Let’s take a closer look at what happens when tension is the catalyst. The correlation is easily made between a tight muscle and its resulting strain or trigger point. If a part is overworked, that part can break down. But what is happening when one component is overworked and another component breaks down?

This phenomenon is felt most overtly in the posterior lower leg. Tight hamstrings are a common issue among both men and women (but definitely more in men). With the grip these muscles have on the back of the leg, the gastrocnemius and soleus often have to overcompensate to create balance. For example, if a runner’s hamstrings are not allowing for full extension of the knee, the feet and ankles will often adjust to create more movement in order to maintain a certain stride.
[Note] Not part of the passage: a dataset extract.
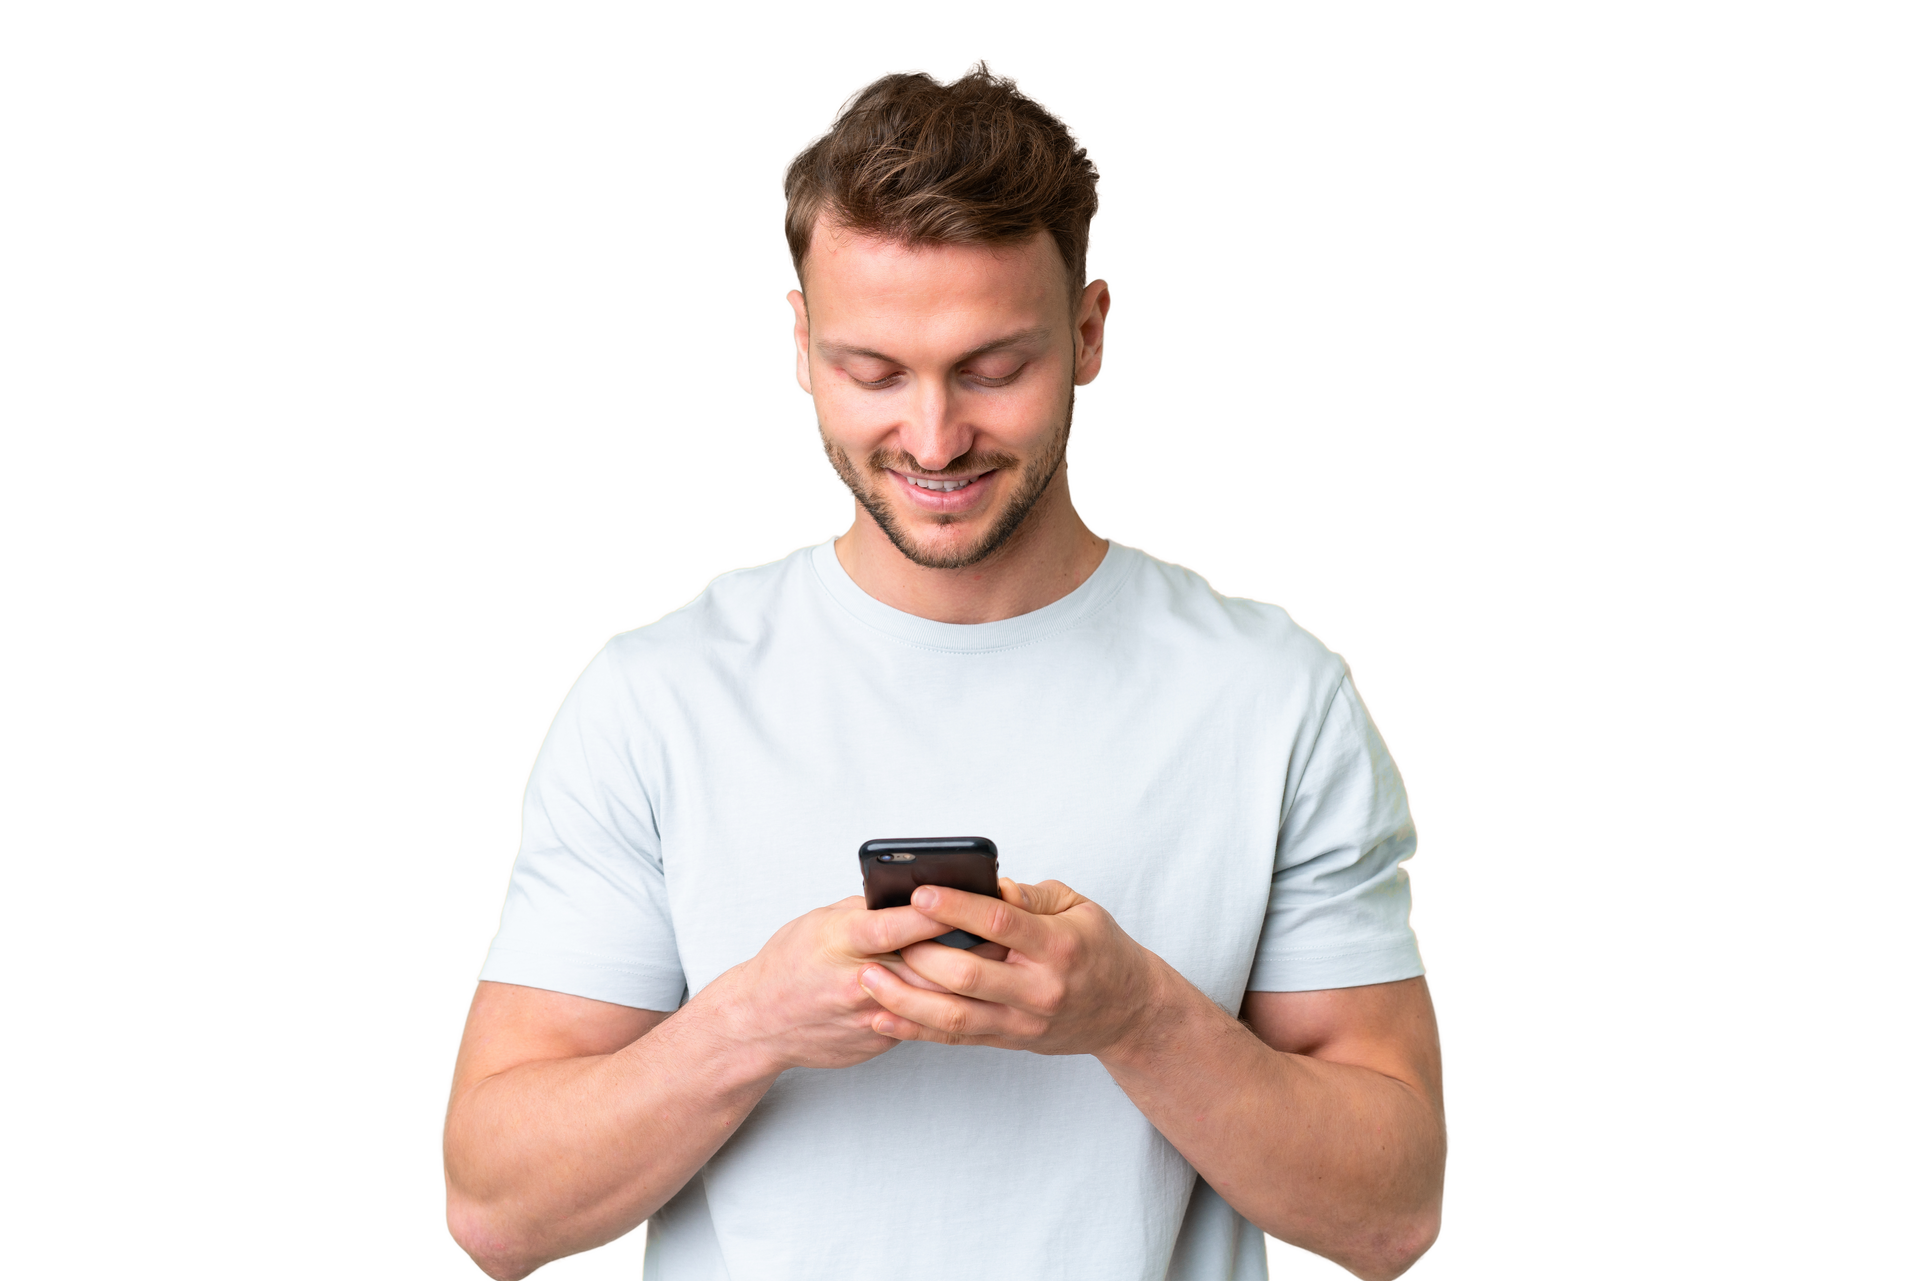 Homme en tee-shirt qui tient un téléphone

The limitation on the knee will also impede the ability of the hamstrings to create speed as the runner pushes forward. This, in turn, calls for more concentrated contractions of the calf muscles, resulting in a painful cramp or spasm.
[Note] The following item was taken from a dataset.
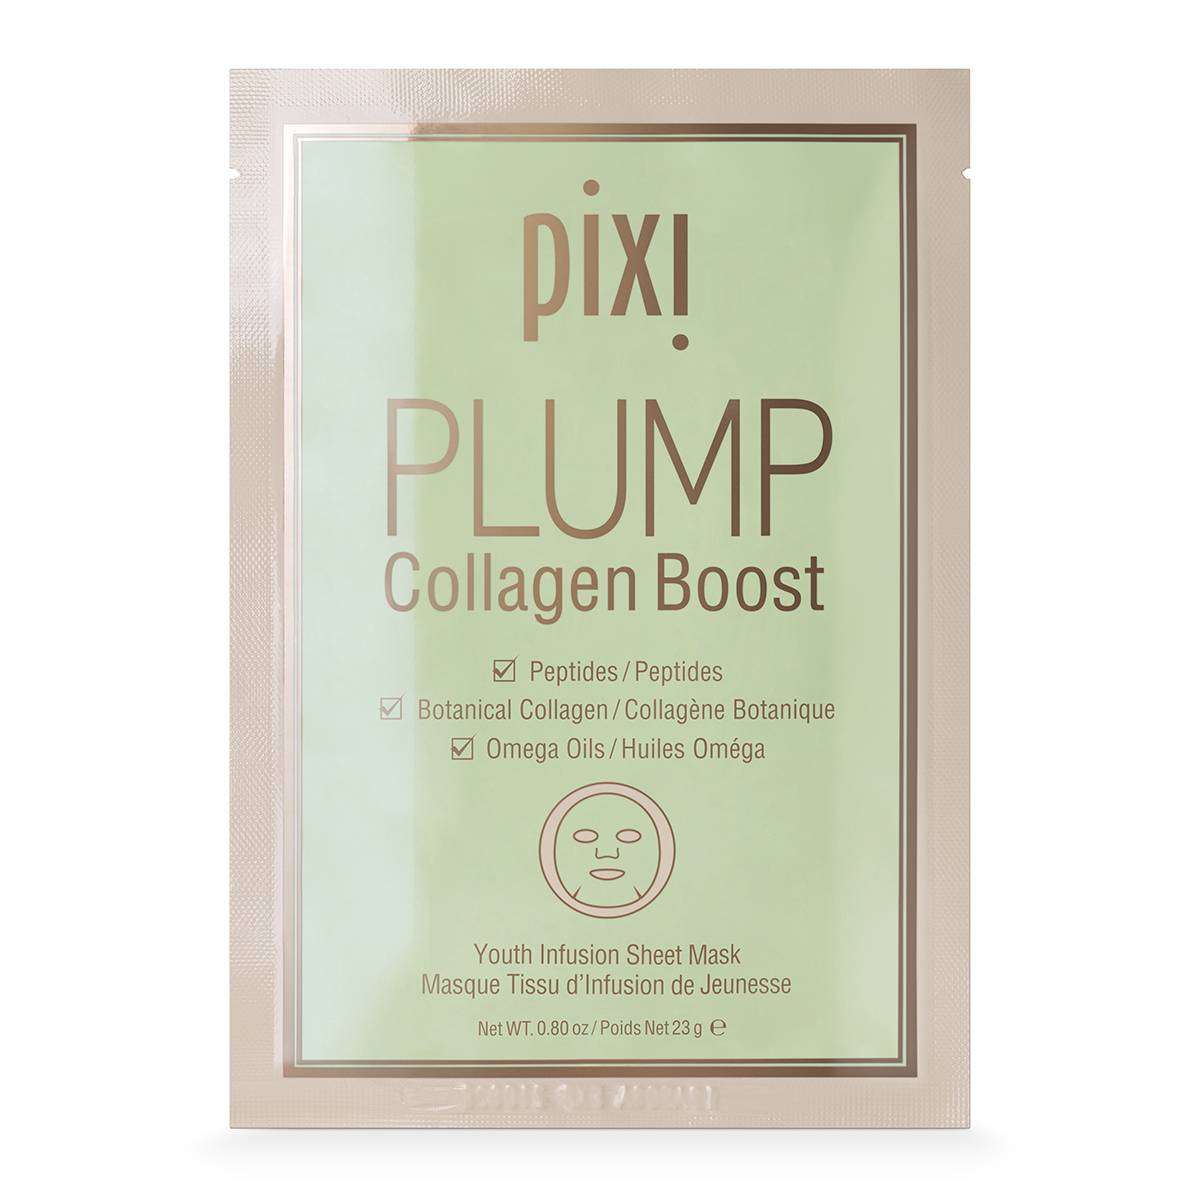 Maska Plump Collagen Boost Pixi Beauty

The same is true for other regions of the body. A tight bicep can require more of the deltoids, tight latissimus dorsi can exhaust the teres major and minor, and a tight psoas can wreak all sorts of havoc. For both the pectoralis major and minor, the link is to the neck and shoulders. The tension that lives there is infamous. If the trapezius and levator scapulae are chronically tight—as they often are these days with most people—responsibility falls forward.

Chronic elevation of the shoulders shifts the skeleton into a position that pulls the insertion of the pectoralis major up superiorly. Simultaneously, rounded shoulders frequently coincide with the stress that creates this tension. In response, the origin of the pectoralis on to the clavicle, sternum, and ribs becomes cemented and constricted. As an occasional position, this won’t typically create issues. But high demands for long periods of time can do all sorts of damage.


Taxing the body is a lot like redlining a car. On a car’s tachometer (the gauge that measures revolutions per minute, or RPMs) the numbers at the high end of the gauge are red. Pushing your car into the red— or redlining—for occasional brief moments won’t cause much harm. But hanging out with the pedal to the metal will likely cause damage to the valve train and transmission. The body is the same.

While the pectoralis muscles may not resemble a valve train, they will begin to seize up with heightened demand. The difference is that they won’t cramp like the calf will. The spasm will happen on a much more focused area. Smaller segments of the muscle fibers will seize up and grip the area, resulting in—you guessed it—a trigger point. And trigger points in the pecs are not always clear. They can be difficult to pinpoint, refer pain in confusing ways, and can culminate to feel like other issues in the shoulder, down the arm, or (in more severe cases) deep in the chest to mimic a heart attack.

We are complicated machines with a host of parts that all rely on each other to work properly, so keep an eye on the chain of tension. Understanding the simple machines that make up our complex body engine is important, and recognizing the role they play with each other is crucial. Even if you are not working with clients yet, awareness around your own machine will make you a phenomenal mechanic.